For InnoDB tables, roWID sorting will require multiple disk reads from tables, so it will not be preferred.
So many introductions. MySQL sorting is a costly operation. So you might ask, do all order BY require sort operations? If you get the right result without sorting, the system will be much less expensive and the statement execution time will be shorter.
Do all orders by need to be sorted?
The answer is definitely wrong. Not all orders by need to be sorted. Sorting is required because the above table is unordered data, if the table is not ordered not to need sorting.
If you can ensure that rows retrieved from city are naturally sorted incrementally by name, you don’t have to do that anymore.
That’s true. Select * from city where name = ‘city’ and name = ‘city’;
alter table t add index city_user(city, name);
Copy the code
Let’s use Mr. Dinky’s picture again
In this index, we can still use tree search to locate the first record that meets city=’ Hangzhou ‘, and also ensure that the value of name is in order as long as the value of city is Hangzhou in the following “next record” traversal.
Then the flow of the whole query process becomes:
- Select first primary key from index (city,name) where city=’ hangzhou ‘;
- Select name, city, age as part of the result set;
- Drop a record primary key ID from index (city,name);
- Repeat steps 2 and 3 until the 1000th record is found or the condition city=’ Hangzhou ‘is not met.
As you can see, this query process does not require temporary tables, nor does it require sorting. Next, we use the results of explain to confirm.
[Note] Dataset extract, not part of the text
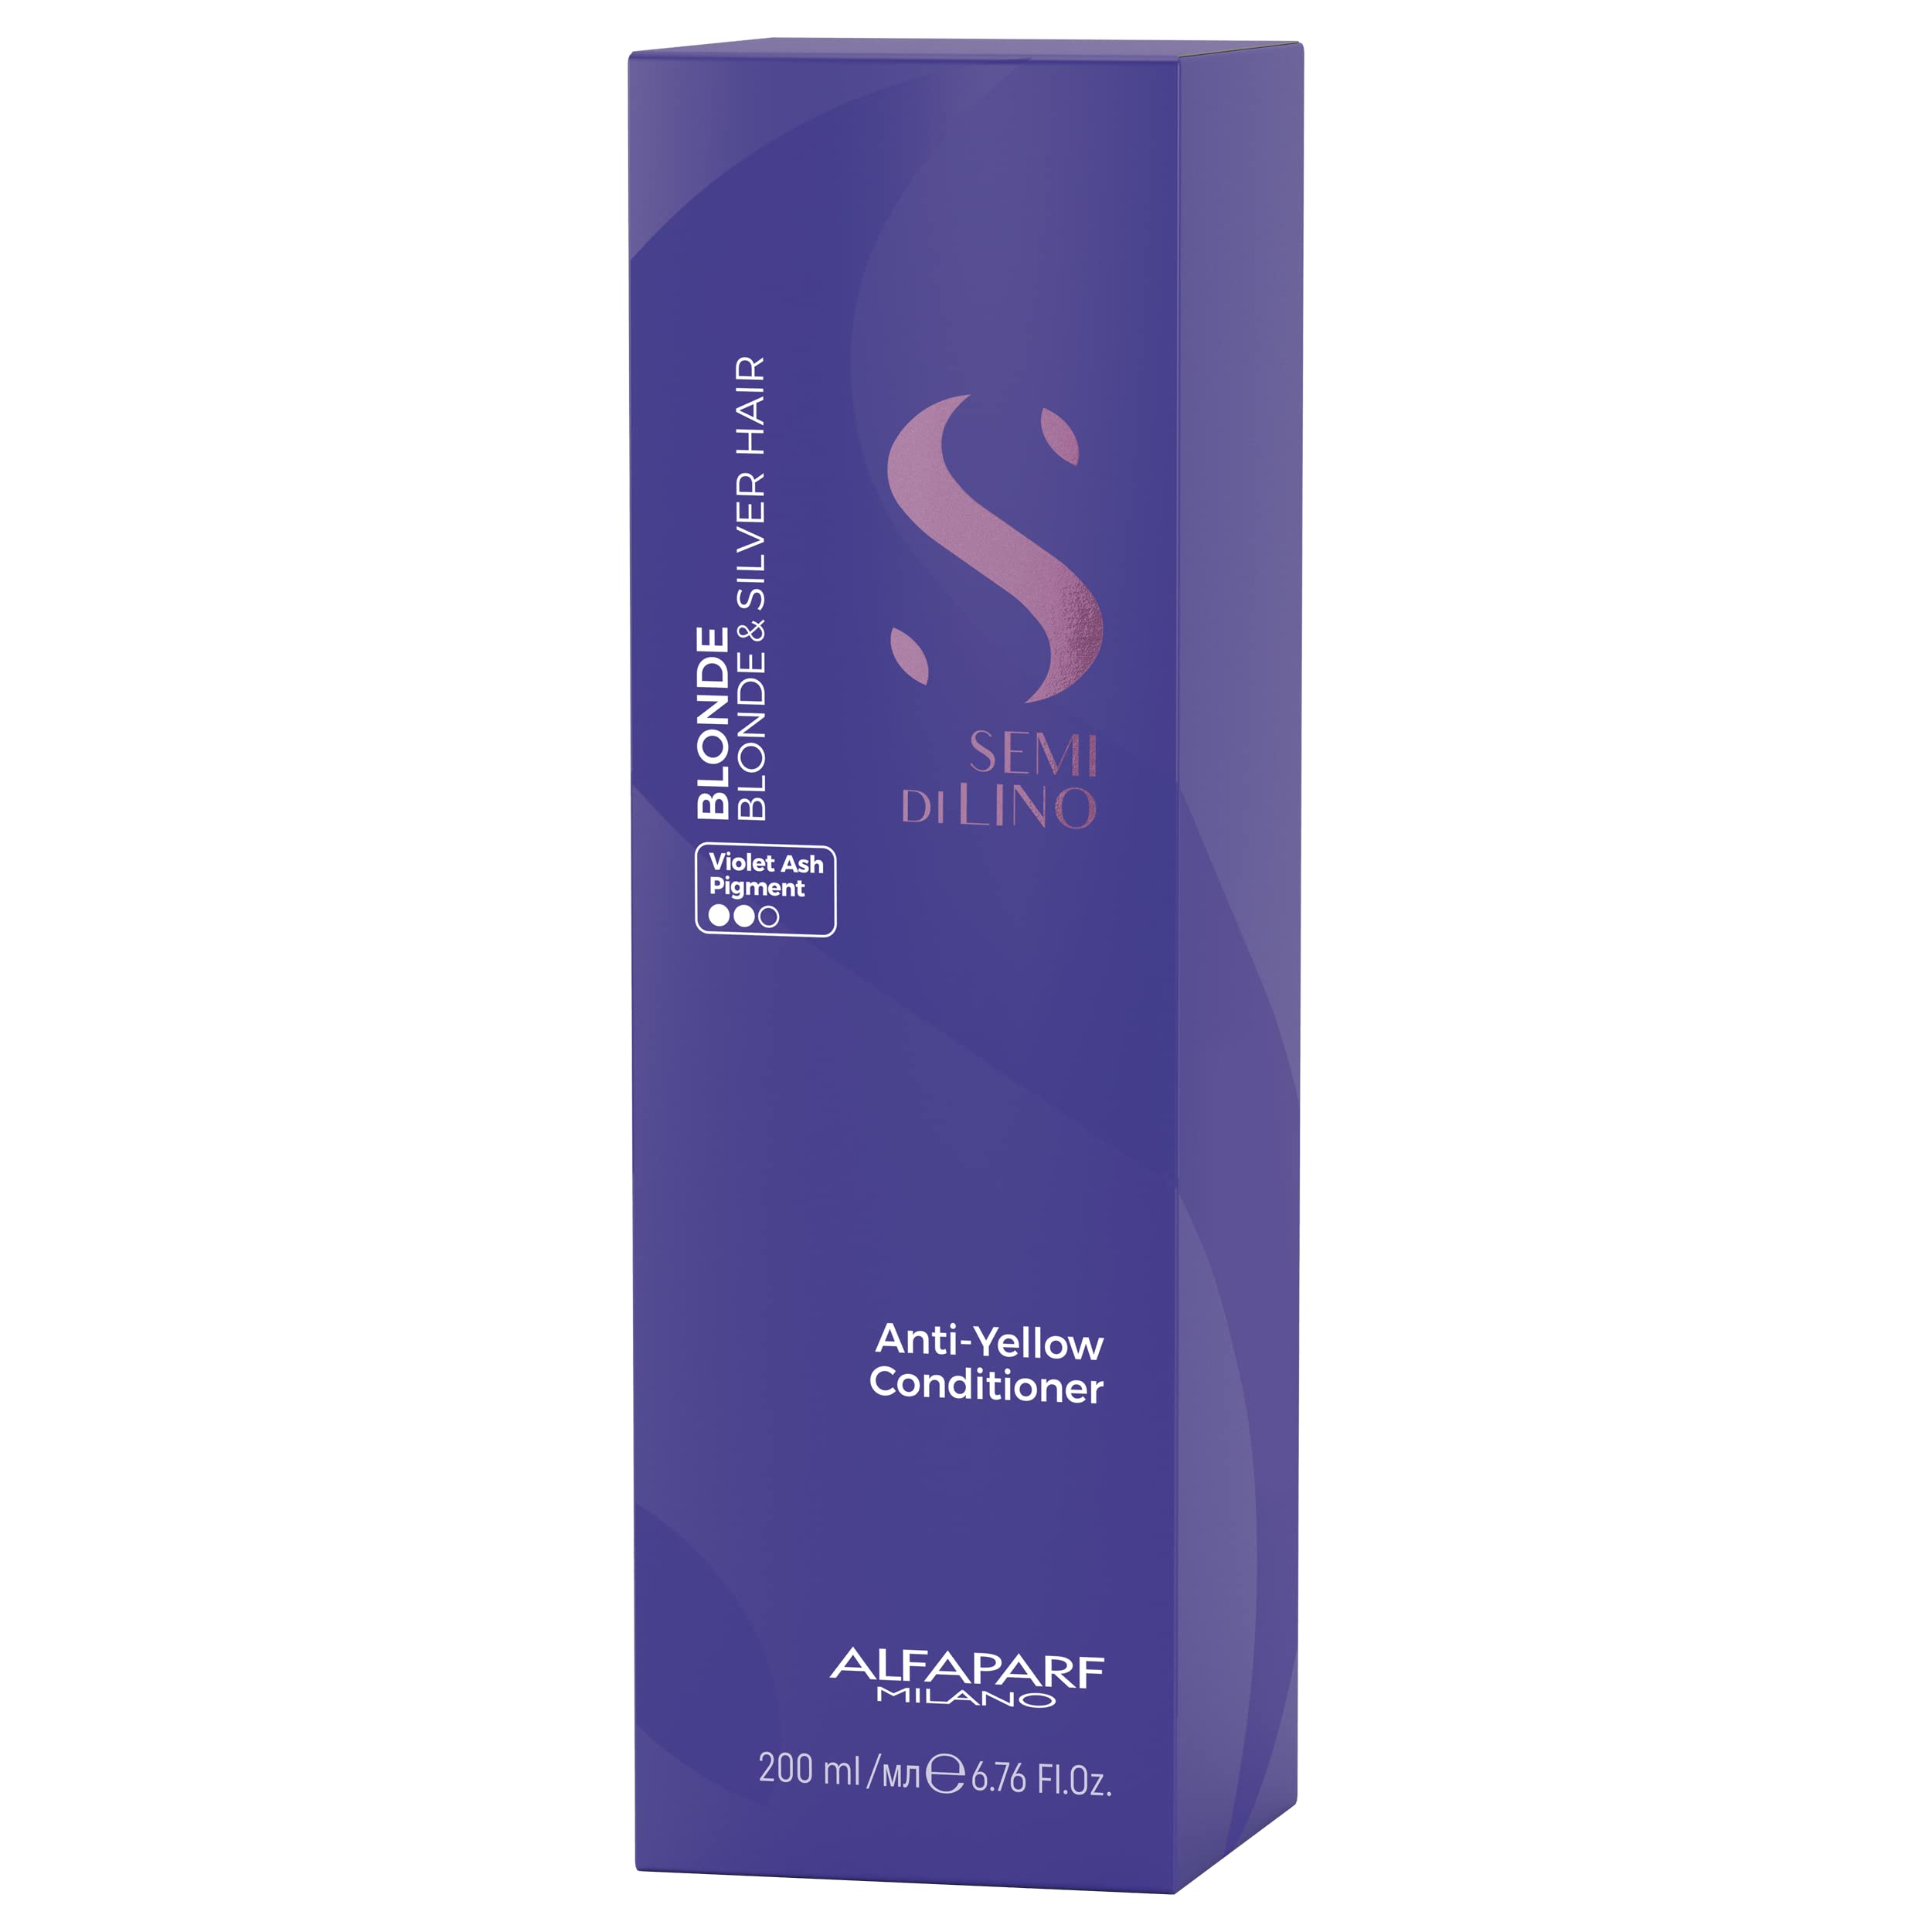 Alfaparf Milano Semi di Lino Blonde Anti-Yellow Conditioner for Blonde, Platinum and Silver Hair - Paraffin Free Purple Conditioner - Removes Yellow and Brassy Tones - Corrects Brassiness

As you can see from the figure, there is no use of filesort in Extra. And because the union index (city,name) is itself ordered, the query does not have to read all 4000 rows, but only needs to find the first 1000 records that meet the condition to exit. So in our case, we only need 1,000 scans.
Further optimization
By overwriting the index, the joint index defect of the previous segment is solved
For this query, we can create a joint index of city, name, and age. The corresponding SQL statement is as follows:
alter table t add index city_user_age(city, name, age);
Copy the code
In this case, rows with the same value of the city field are sorted incrementally by the value of the name field, and the query does not need to be sorted. The entire query execution flow becomes:
- Find the first record from the index (city,name,age) that meets the condition city=’ Hangzhou ‘, retrieve the values of the three fields city,name, and age, and return them directly as part of the result set.
- Fetches a record from the index (city,name,age), also fetches the values of these three fields, and returns them directly as part of the result set;
- Repeat Step 2 until the 1000th record is found or the condition city=’ Hangzhou ‘is not met. Flowchart explain diagram is shown below
The Extra field contains “Using index”, indicating that the overwrite index is used. The performance is much faster. Of course, this is not to say that you need to create a federated index for all the fields involved in the statement in order for every query to be able to override the index. After all, indexes have maintenance costs. It’s a tradeoff.
conclusion
The two algorithms of order BY are roughly introduced. And how to optimize it.
Only know the realization process, in order to clear in the subconscious buried excellent table design concept!